Soporific speaker stereotypes
Some weeks ago I sat through yet another presentation that had me drifting into dreamland within minutes. To stay awake, I started to put together a list of stereotypical soporific speakers, much in the spirit of a couple of my earlier posts on project mismanagers and meeting time wasters. It was, I confess, the best time I’ve had at a bad presentation in a long time. Without further ado, here’s my list:
Pete Powerpoint: Peter’s presentations are a vehicle to showcase his undeniable virtuosity at Powerpoint. The content? Who cares. The slides are absolutely brilliant.
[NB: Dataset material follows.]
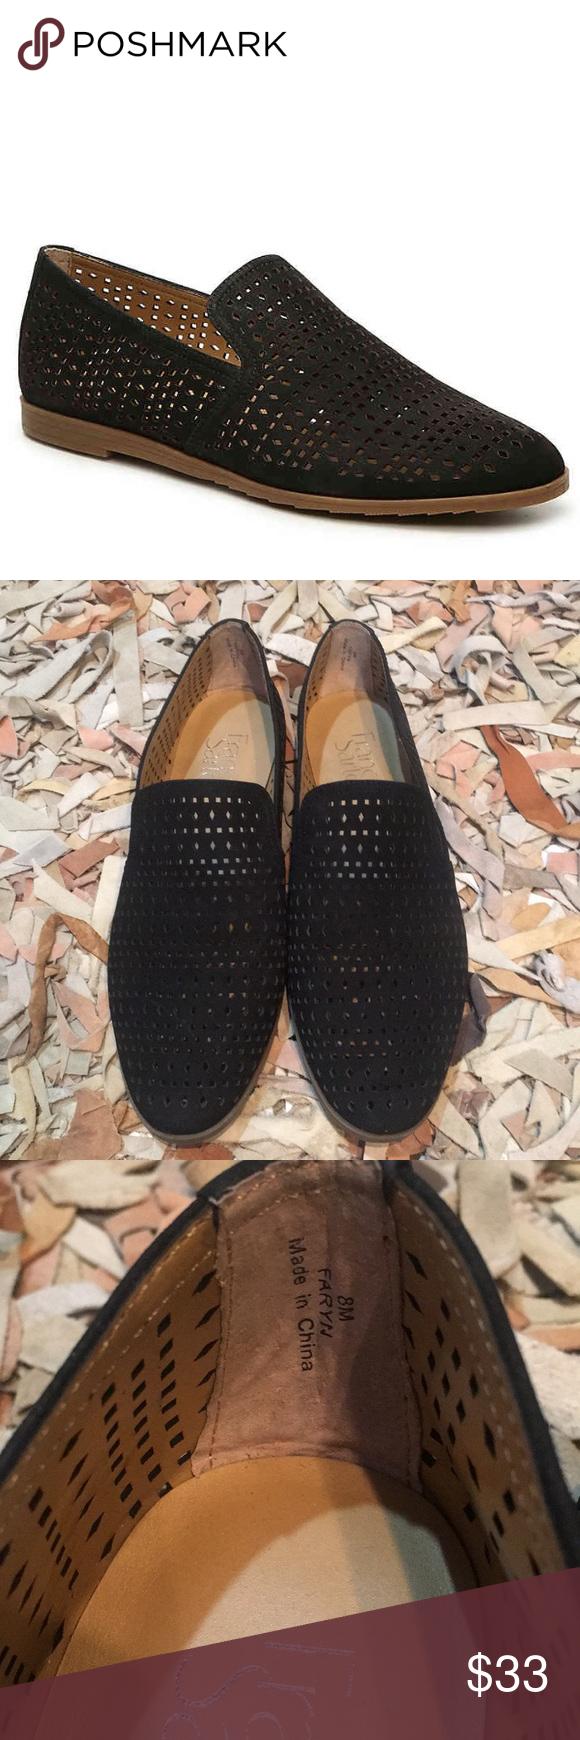 3c4e8dd5b4c Franco Sarto black suede loafers Faryn Sz 8 Sz 8 Worn once only inside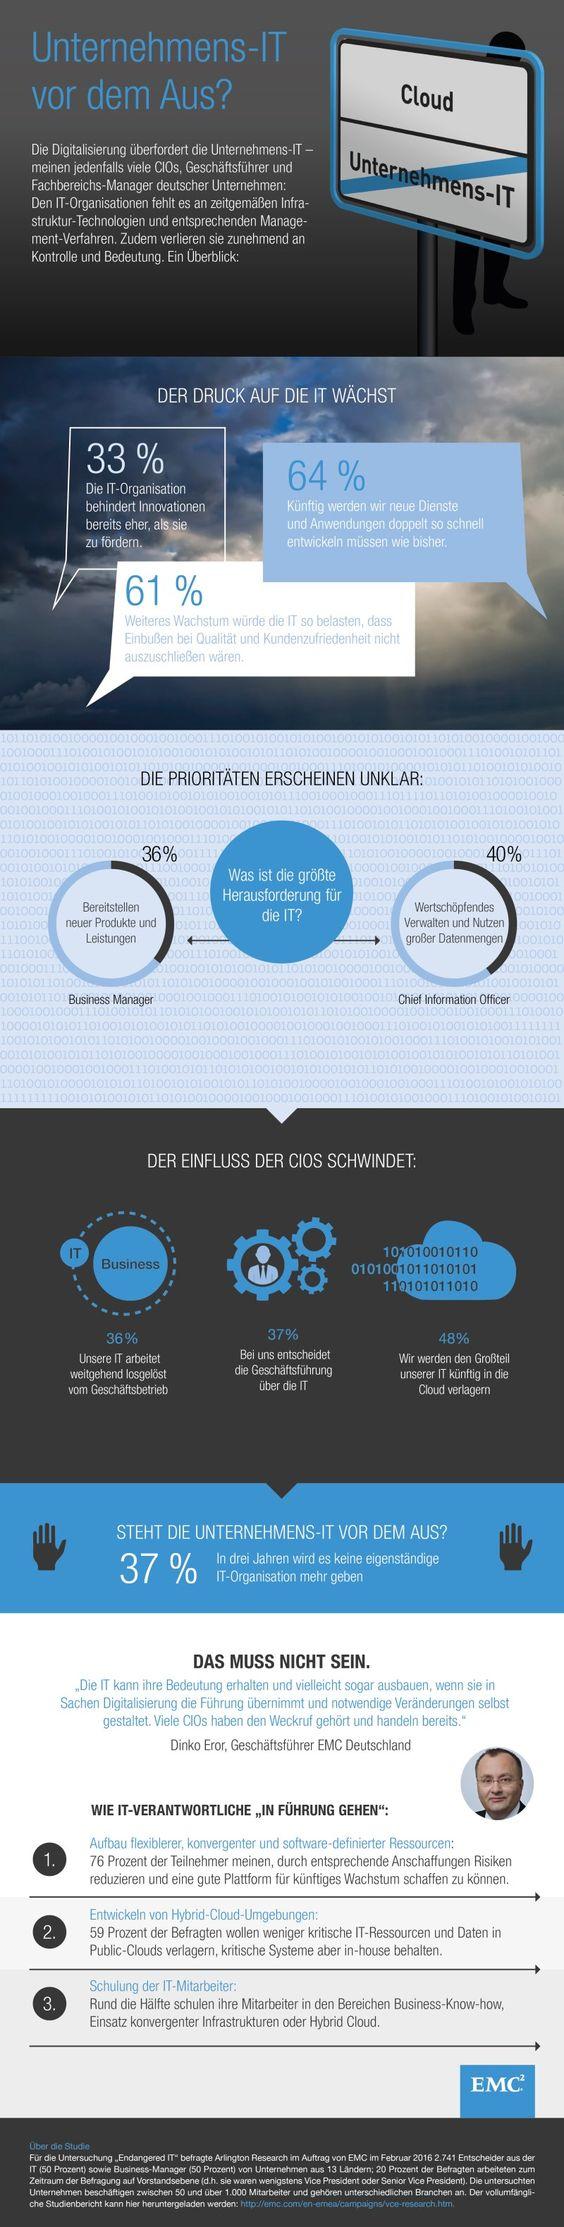 Digitalisierung: 6 von 10 IT-Managern erwarten Ende der eigenständigen IT-Abteilung bis 2019

Freda Funny-font: Freda loves visual aids. Her problem is that she uses unreadable fonts.
Marty Mumbler: Martin has something useful to say, I’m sure. The only problem is I can’t figure out what it is. His presentations invariably consist of an inaudible issuance of intonations that even those in the front row cannot interpret.
Greta Garbled: Greta has mastered the art of the unfocused presentation. She manages to cram a lot of diverse – but not necessarily relevant – material into her talks. It’s quite a challenge to figure out what she’s going on about.
Barry Backside: Barry’s presentations can actually be quite good – if only I could get to see them. His problem is that he refuses to face his audience while speaking, often unwittingly covering his slides, or the whiteboard or whatever visual aid he’s using.
Umberto Unprepared: Umberto likes to wing it, but unfortunately ends up crashing every time. He never prepares for his presentations, and it invariably shows right from his starting stutter to his final fumble.
Oscar Overtime (Thomas Too-much): Oscar is in some ways the extreme opposite of Umberto – he prepares way more material than he has time to deliver. Consequently he ends up going over his allotted time. He’s mastered the art of ignoring frantic signals from meeting moderators and cues from annoyed audiences. He’s prepared all that wonderful material and he’s going to deliver it (all), come what may.
Mike Microphone-Muddler: You’ll hear about half of Mike’s presentation. Unfortunately, it’s impossible to predict which parts of his talk you’ll hear because he keeps drifting in and out of microphone range at random.
No doubt, there are many others I’ve missed in this short list of soporific speakers. I welcome further contributions to the list through your comments.